Robin’s the same way. She loves to help writers. Being married to one she knows the heartbreak and elation that comes with the curse. As a self-made expert on the publishing industry, she took over a writer’s group that was about to be disbanded for lack of a leader and began giving a series of lectures on how to get published, find agents, or even self-publishing. She doesn’t charge money, even though she pays the meetup.com people for hosting the group, and prints handouts and such. It takes a lot of her time, both in preparing the material and the lectures themselves which go on for hours as people linger to ask questions. The idea of charging aspiring writers for anything is like thinking of slapping a beaten dog. Not only does it not feel right, it’s how you know they expect to be treated making it even sadder.

As for ourselves, Robin and I aren’t the type of people to ask for help. We come from relatively poor families and went out on our own at a young age, paying for our own wedding and college, scrapping together our house down payment, and taking in boarders to make ends meet. It has made us very self-sufficient and self-reliant. When it comes to my books we’ve done virtually everything ourselves, making mistakes along the way and hopefully learning from them. We don’t begrudge having to work hard, it is through hard work that one obtains a sense of accomplishment. And the publishing industry has given us plenty of challenges to overcome.

So, while we don’t ask for help we do spend a lot of time helping others. We aren’t saints. We don’t go out of our way to find people in trouble, but when I was a kid, I remember my father never passed a car stuck in the snow or broke down without offering help. I think I inherited that trait and even circled back on freeways when I missed a stranded motorist because I didn’t see them in time and was caught off guard.

As we’ve gotten older, I’ve found helping people who appreciate what you do for them is far more rewarding than making a boat load of money from people who could care less. Is it any wonder I’m a novelist?

Once at one of Robin’s seminars, a grateful woman told us, “You’re going to be very successful. Wait and see. Everything you’ve been doing for others, will come back to you.” At the time I smiled politely and nodded, I do that a lot when I’m not sure what to say. It was nice. It expressed her appreciation, and that was wonderful, but…

Then came a metaphorical knock at the door. Several actually. People offering to help. At first it was the bloggers who promoted my books, then fans (some professional editors), began asking to help edit the manuscripts for free—my secret beta army.
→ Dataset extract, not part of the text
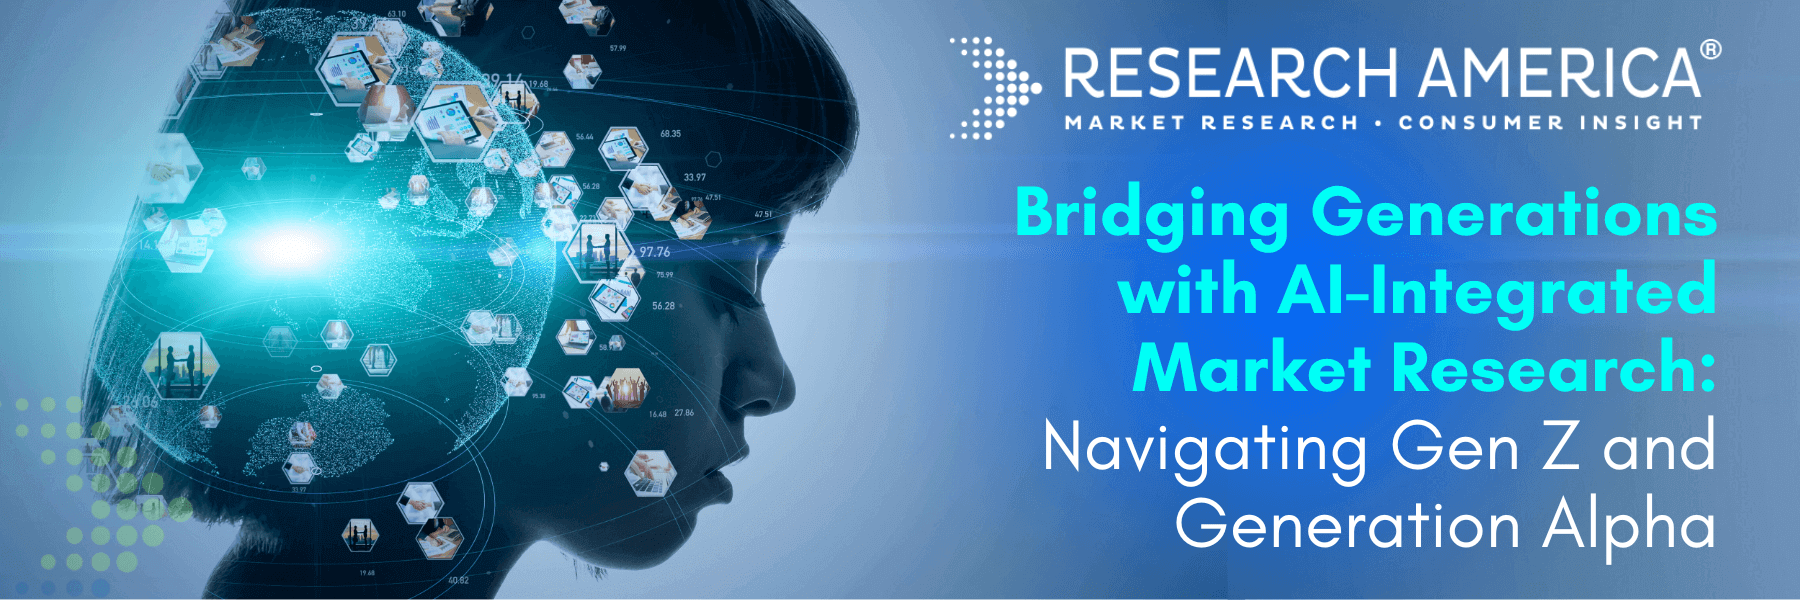 ai-integrated market research

Most recently however, there have been three developments that have blown us away.

First, Nathan Lowell, author of the Solar Clipper series, (Quarter Share is the first in the series) and Podiobooks phenomenon, has offered to record The Crown Conspiracy into audio for me. Mr. Lowell is a fantastic talent, if you want to be totally swept away go listen to his books on podiobooks.com, they are free but after enjoying them I’m sure you’ll put a donation in the tip jar. I am amazed at the man’s generosity. He’s already begun recording and what I’ve heard so far is wonderful.

Through a series of strange developments where one person told another and so on, I have found a new Foreign Language Rights Agent who is closing a deal with a major publisher in the Czech Republic, before she begins following leads in other countries. Assuming everything works out as it appears to be, I will be paid my first advance by a publisher.
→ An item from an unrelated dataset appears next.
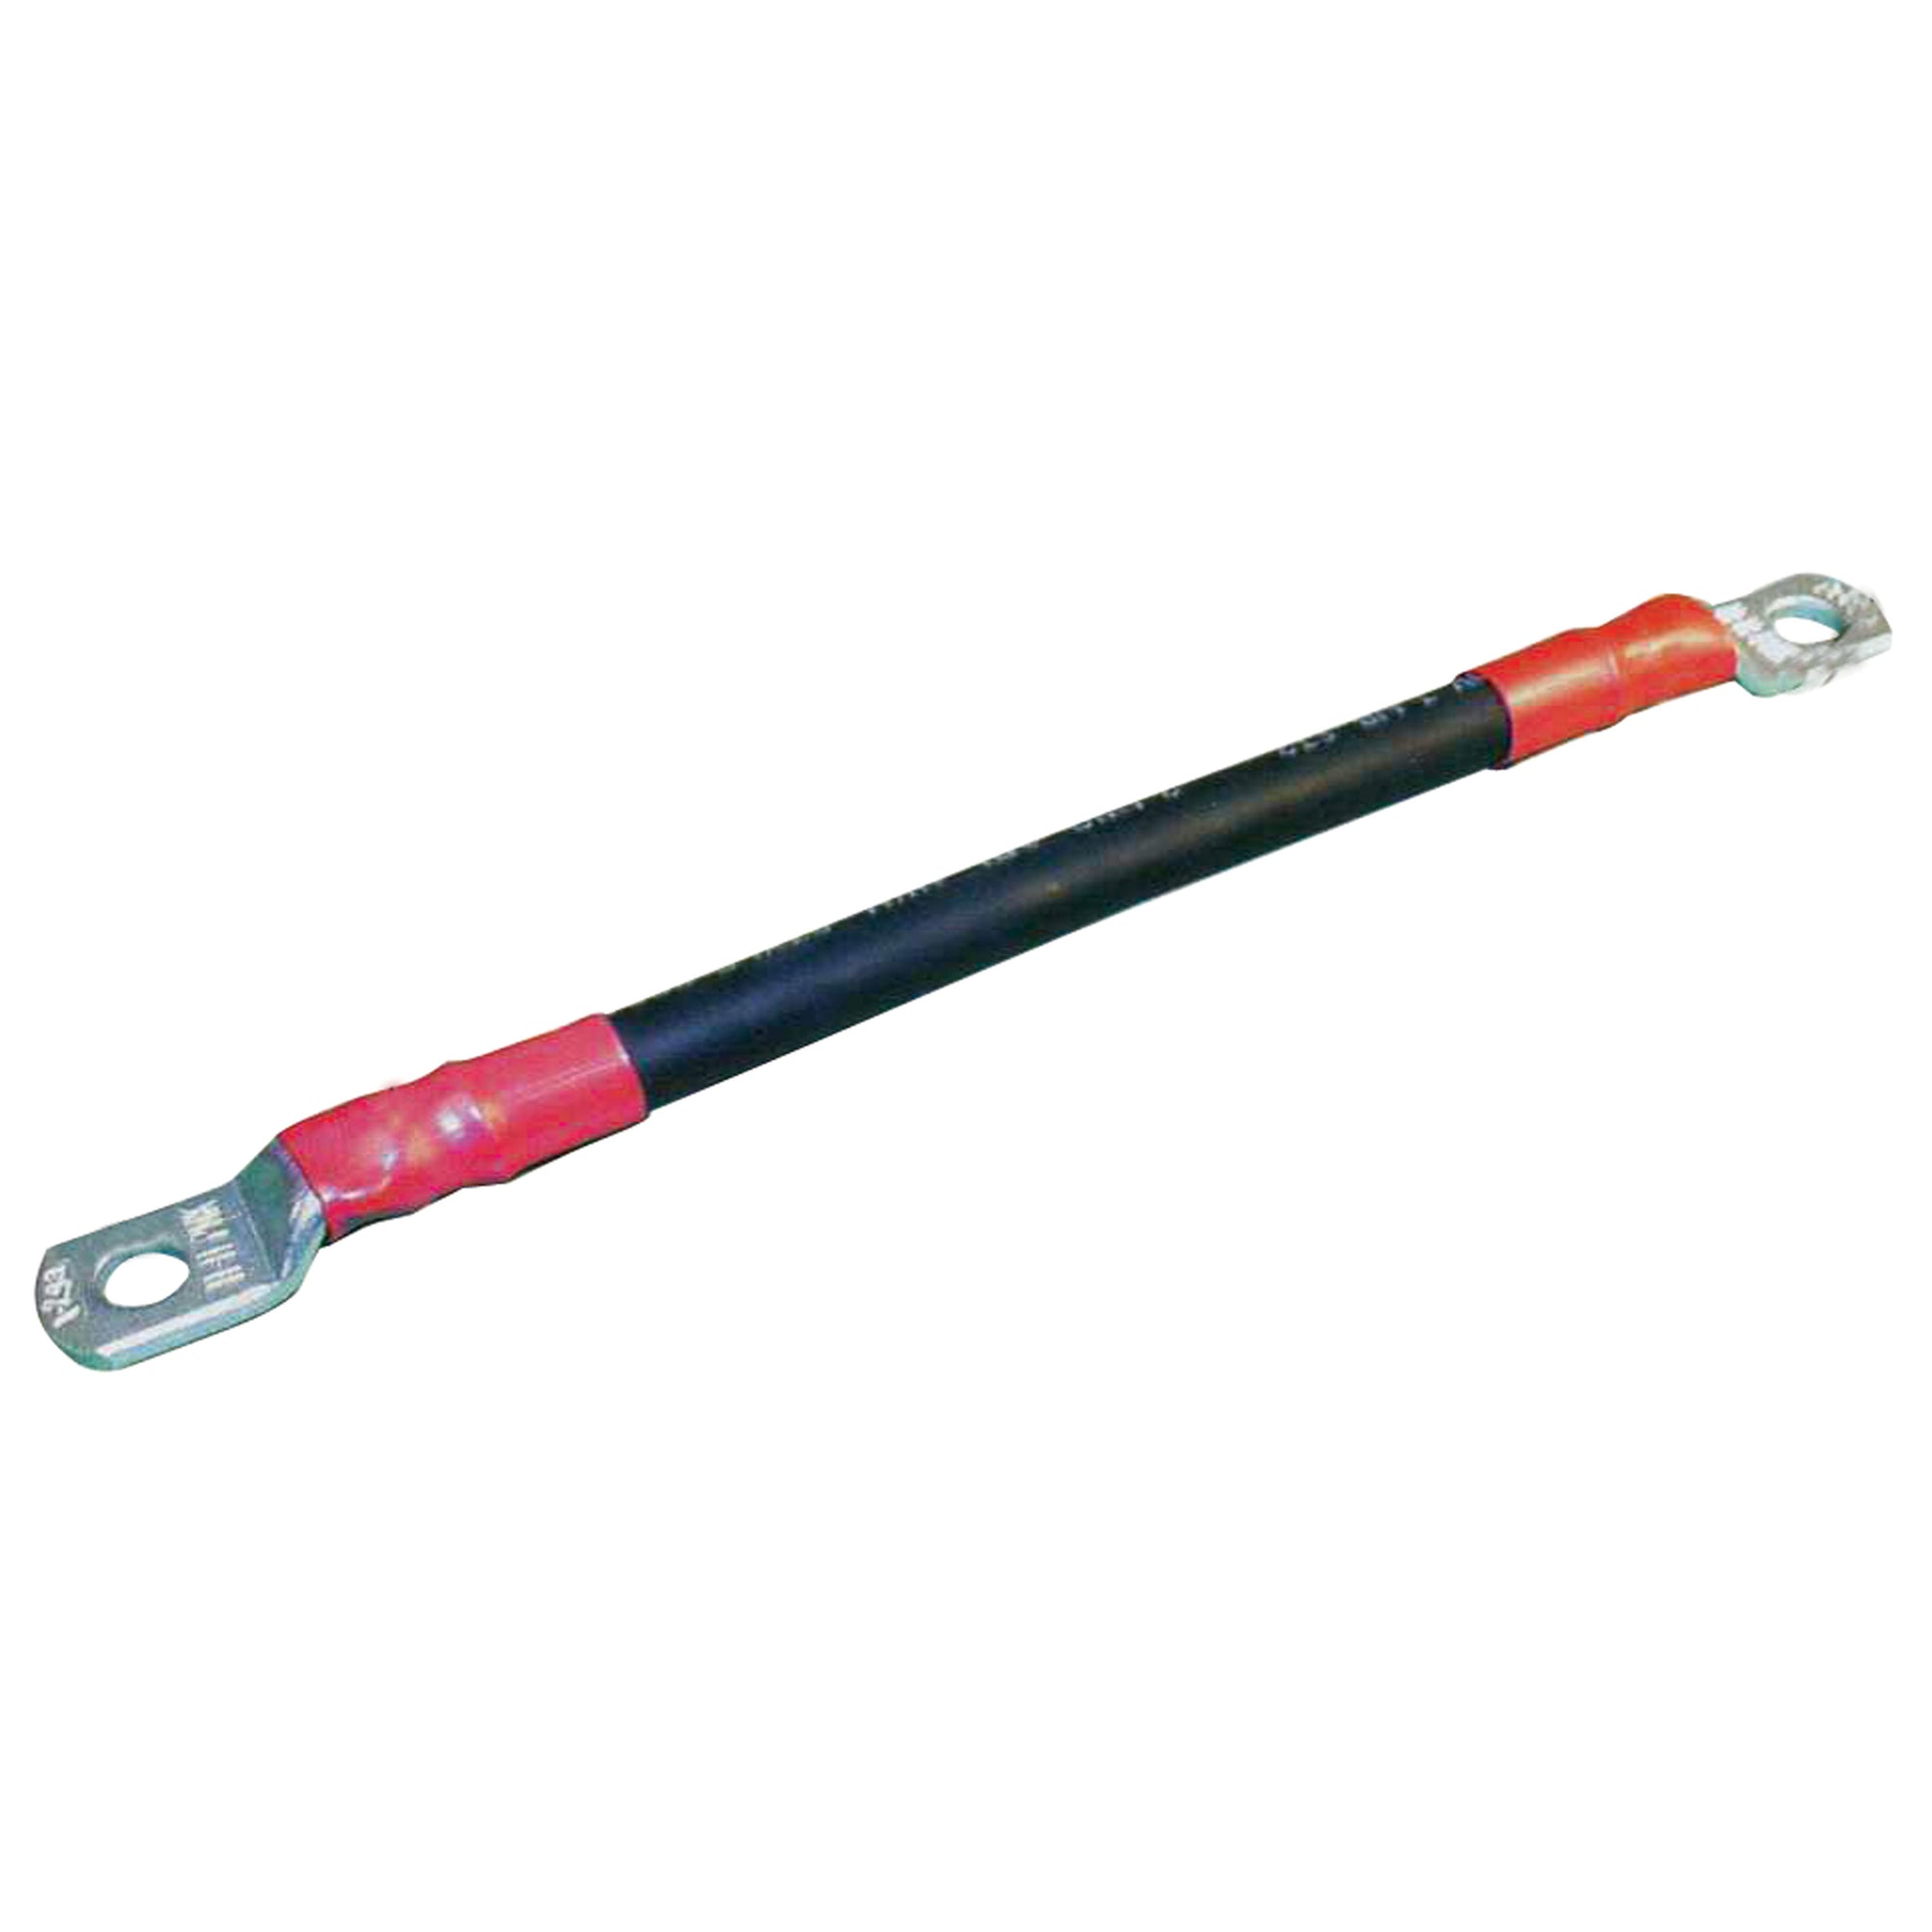 Quick Cable 205416 Inverter Hook Up Cable - 2 Gauge, Red

Lastly, and while clearly the most tenuous, it holds the most outlandishly exciting prospect. An individual I met accidentally, with successful ties to the motion picture industry, has agreed to turn The Crown Conspiracy into a screenplay with the intention of getting a movie deal. It might be like trying to get to the moon by building a giant slingshot, but hey, it’s a chance.

All of these things have come about unsolicited. Offers of assistance out of the blue. Even if nothing comes from any of this, for a guy who’s ultimate goal was to sell a grand total fifty books to people he didn’t know, this is pretty amazing and a confirmation that what goes around comes around.